From the late 13th century the most significant relic in Chester was the Holy Rood at St. John's, a silver-gilt crucifix containing wood from the True Cross. Its origins are uncertain. Perhaps it was brought from the East by Earl Ranulph III, who was on Crusade in 1219-20. (fn. 93) On the other hand it may have been associated with the cult of King Harold, boosted in 1332 by the discovery within the church of his alleged remains, still fragrant and clad in leather hose, golden spurs, and crown.

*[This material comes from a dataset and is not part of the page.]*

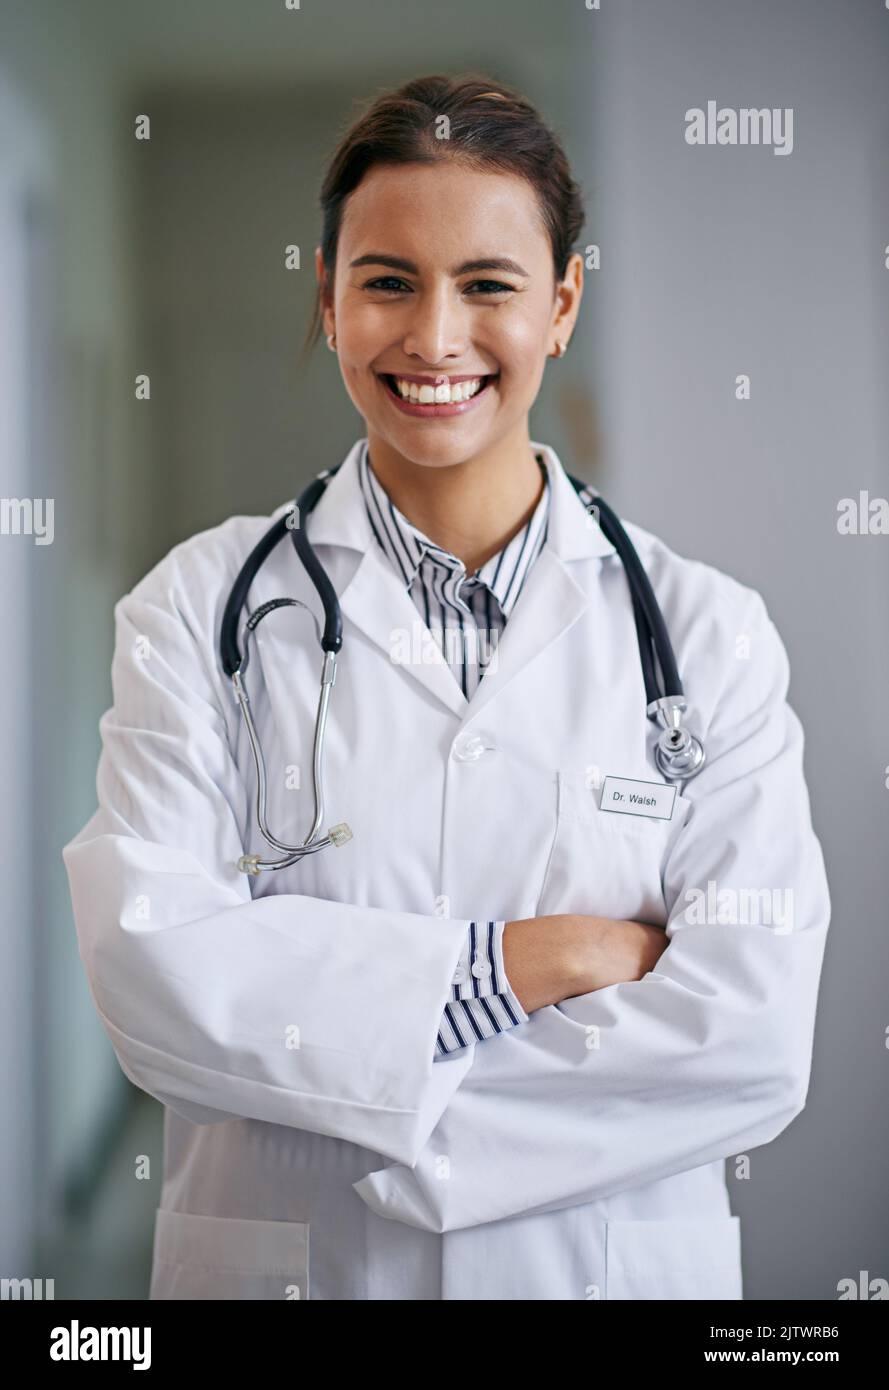 Der Arzt wird Sie jetzt sehen. Porträt einer fröhlichen und selbstbewussten jungen Ärztin, die ihre Arme kreuzt. Stockfoto

Harold's links with the cult of the Holy Rood and in particular with the miracle-working crucifix of Waltham (Essex), perhaps suggested the introduction of an analogous devotion into Chester. (fn. 94)

The relic was first mentioned in 1256 or 1257, when Fulk of Orby left a mark of silver a year for lights in its honour. Its reputation increased steadily in the later 13th and early 14th century, and for a while St. John's was known as the church of the Holy Cross. (fn. 95) By the early 14th century at least one of the ships which plied from the city, the property of William (III) of Doncaster, was known as the Holy Cross of Chester, (fn. 96) and women kept vigil before the Rood. (fn. 97) The relic's fame extended well beyond the city. In the 14th century the oath 'by the rood of Chester' was evidently commonplace, being mentioned in both William Langland's great poem the Vision of Piers the Ploughman and the less famous Richard the Redeless. (fn. 98) The Rood was especially venerated in Wales; in 1278, for example, certain Welshmen swore on it not to bear arms against the king, and in the later 14th century it was the subject of several odes by the poet Gruffudd ap Maredudd (fl. 1352-82), who seems himself to have made a pilgrimage to the relic. (fn. 99) Its reputation was even carried abroad to Gascony by Cheshire men; in 1411, for example, Henry Champayne, a burgess of Libourne (Gironde), presumably inspired by the cult at St. John's, bequeathed to the city of Chester a gilt shrine containing a piece of the Holy Cross, though it is uncertain whether it ever reached Chester. (fn. 100)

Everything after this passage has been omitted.